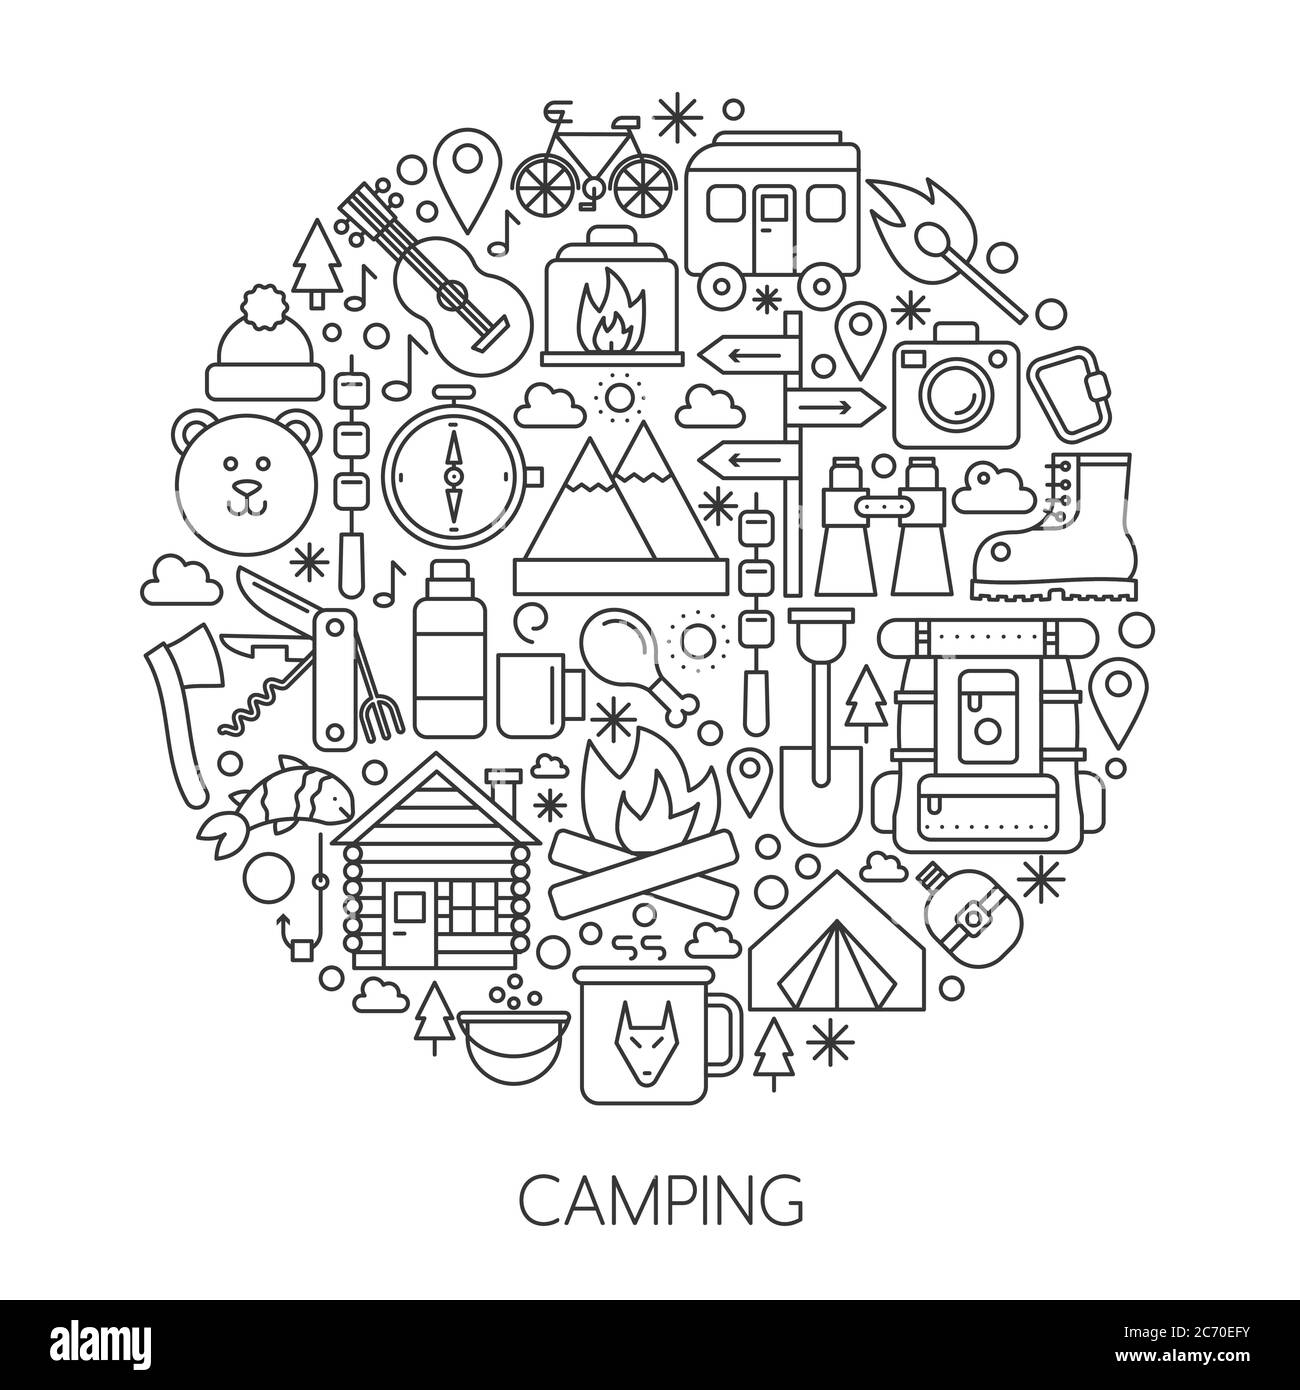 Camping Herramientas De Senderismo Y Equipos En C Rculo L Nea De
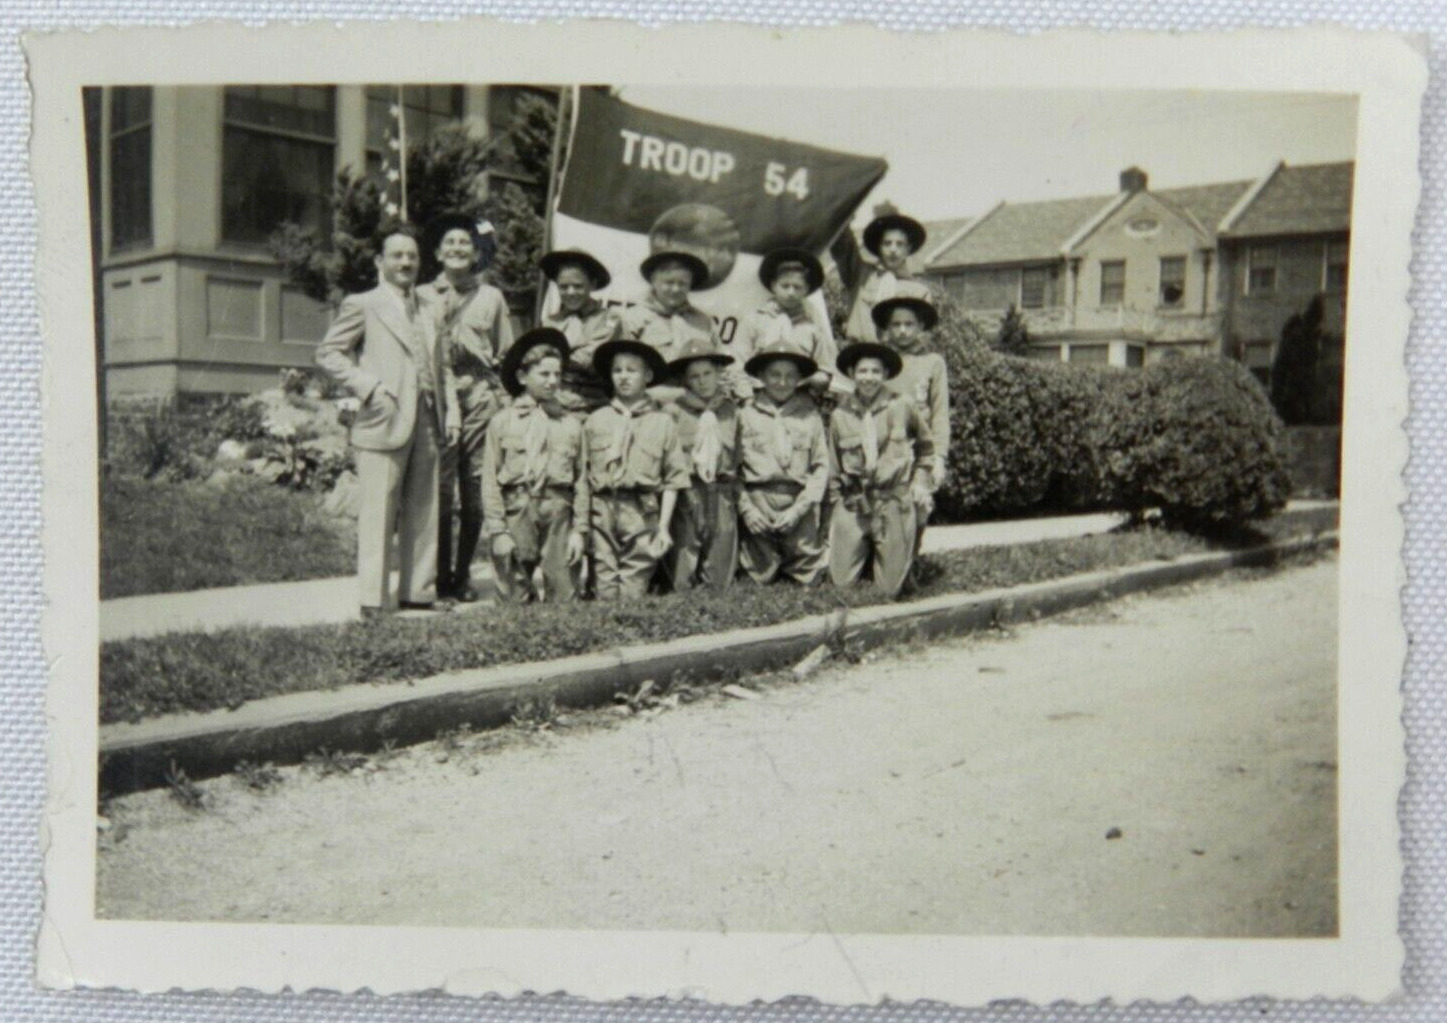 Troop 54 of the Boy Scouts Uniform Portrait - July 1937 Vintage Photograph
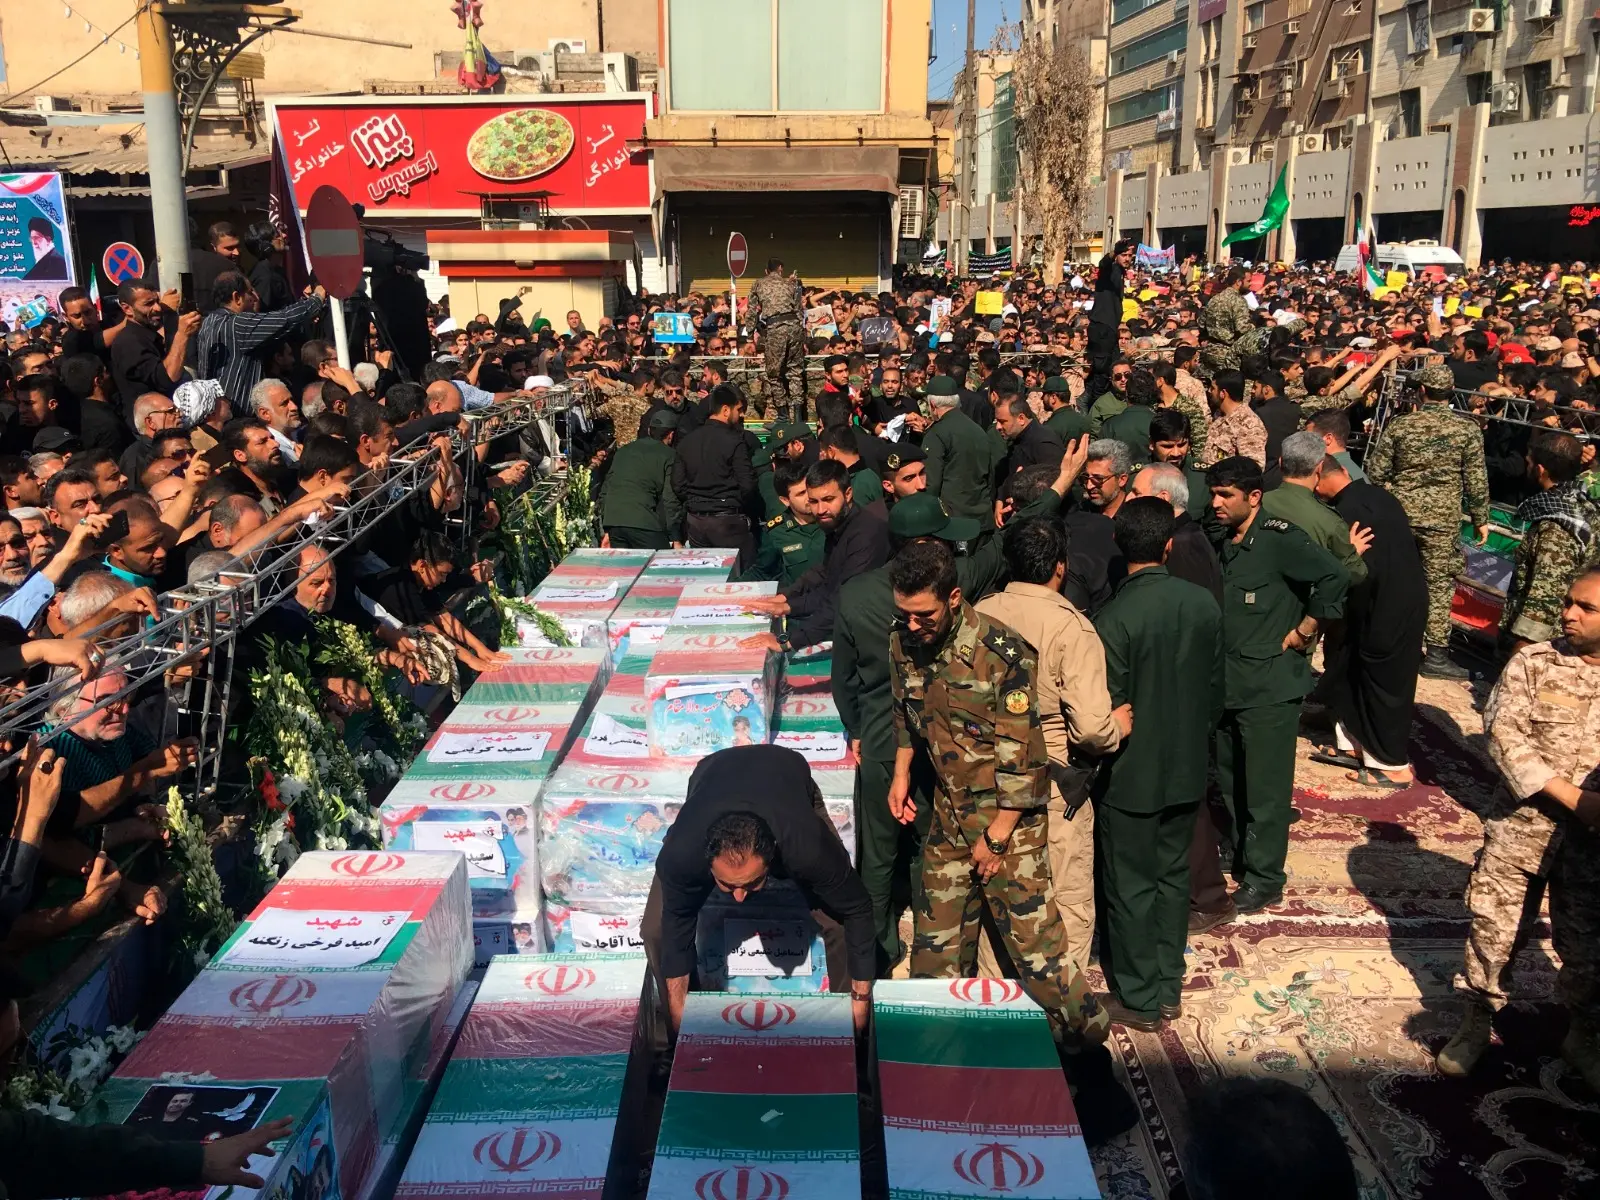 ארונות קבורה של הרוגי הפיגוע מוצגים בעיר אווהאז, איראן, 24 בספטמבר 2018
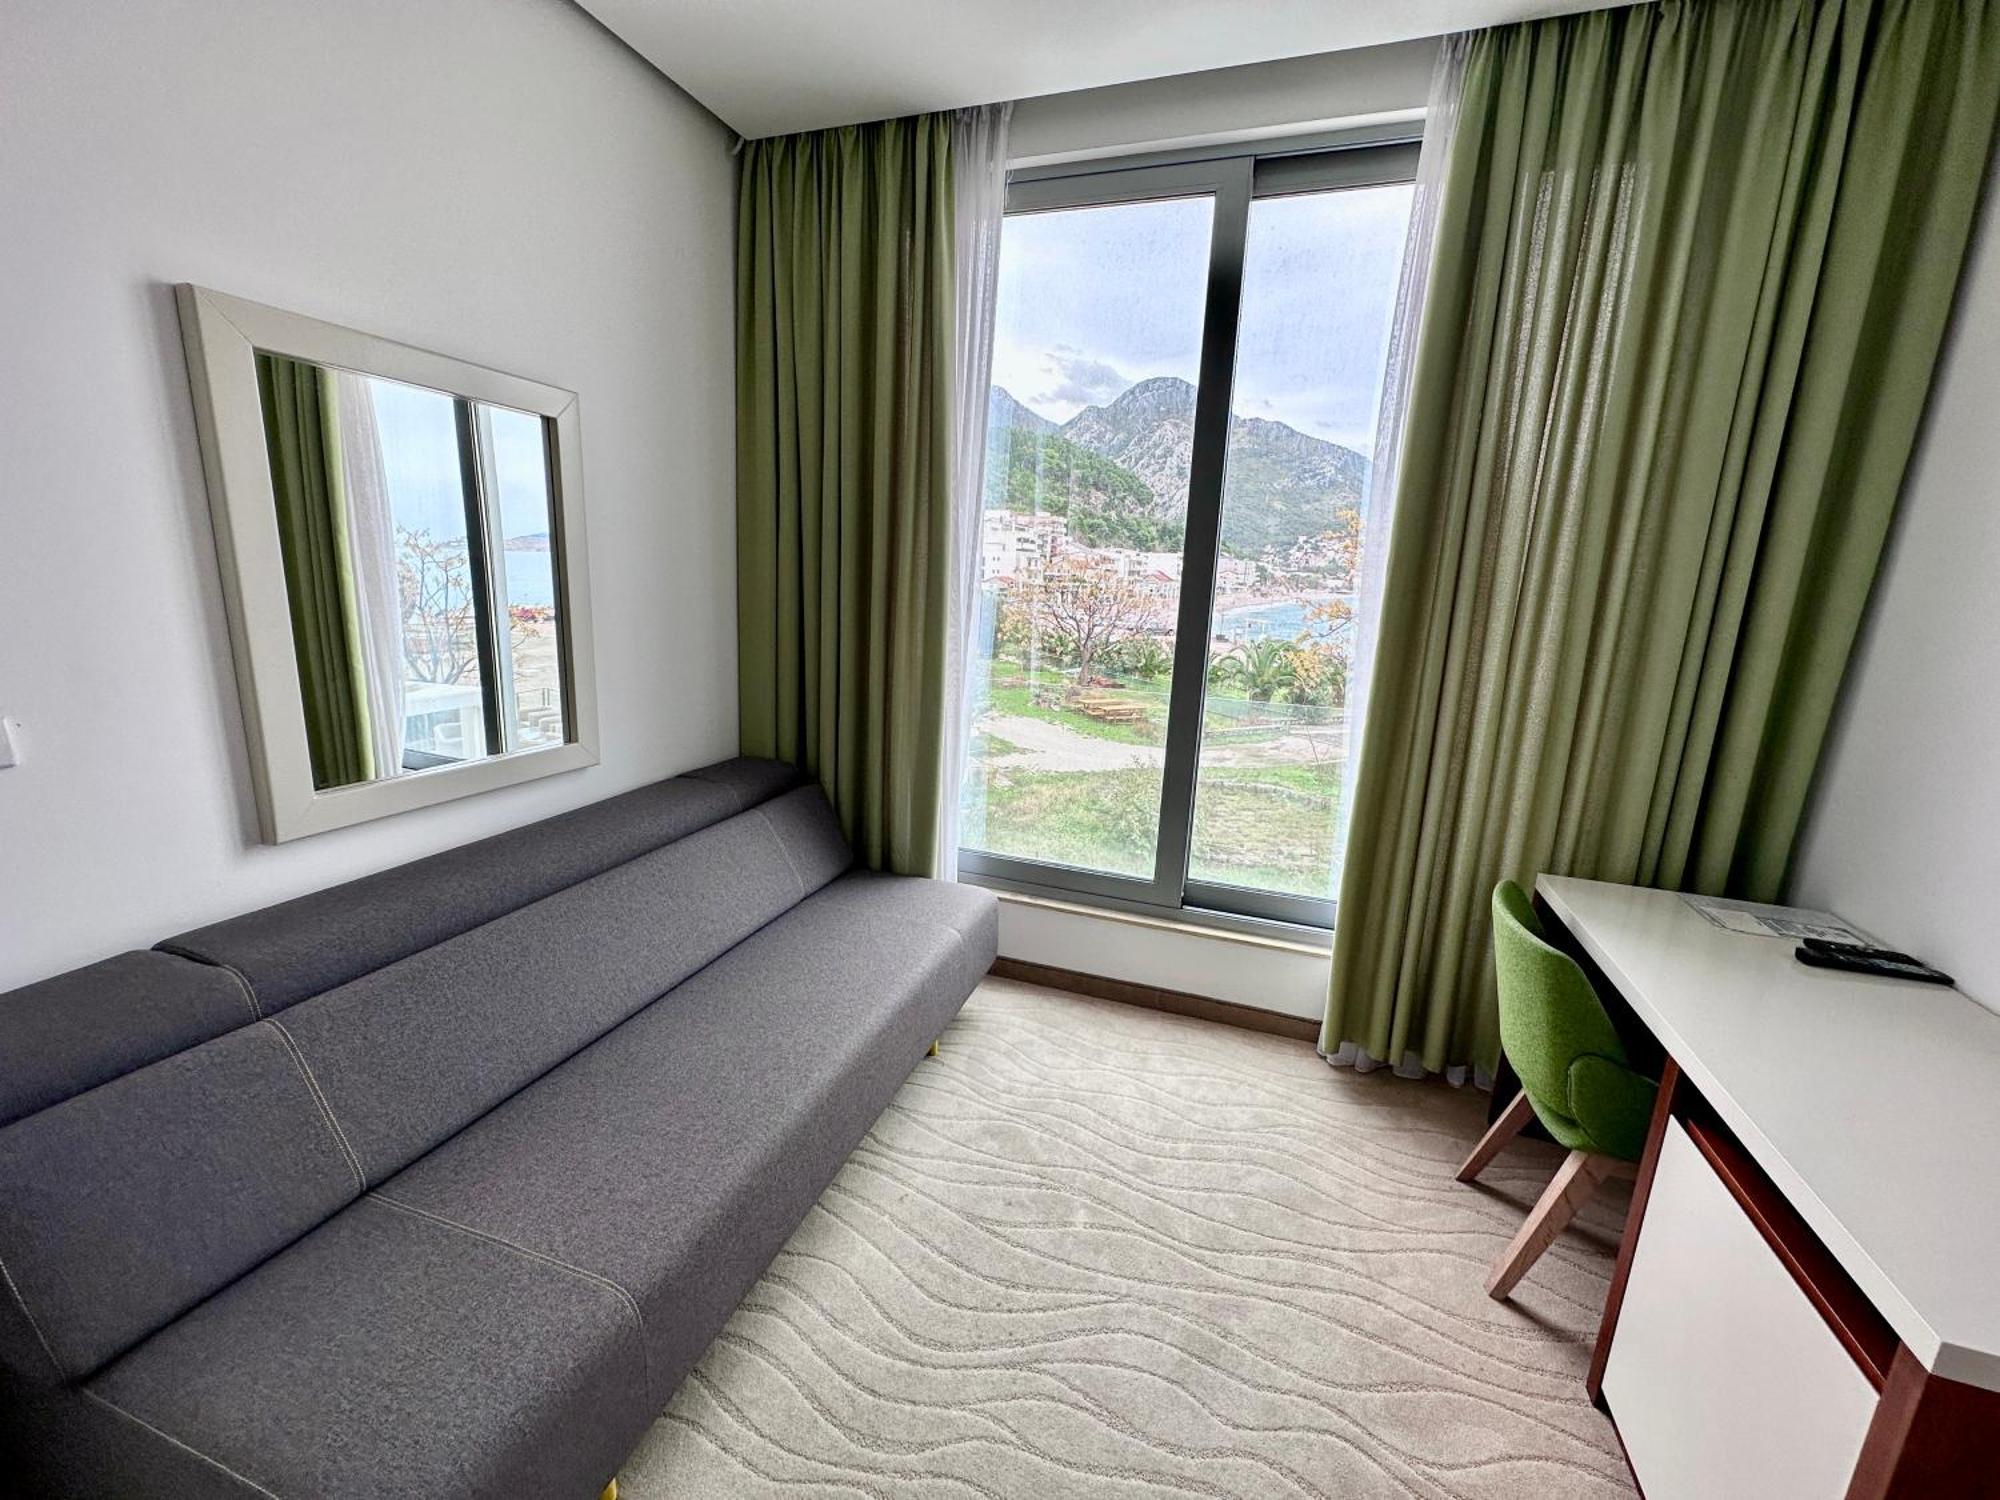 Hotel Porto Sole Sutomore Room photo

EXERCISE BRIEF -
Retype exactly the lines above, starting at the line containing "ארונות קבורה של" and ending with the last line, both included; leave out the pictures.

ANSWER SECTION -
 ארונות קבורה של הרוגי הפיגוע מוצגים בעיר אווהאז, איראן, 24 בספטמבר 2018
 Hotel Porto Sole Sutomore Room photo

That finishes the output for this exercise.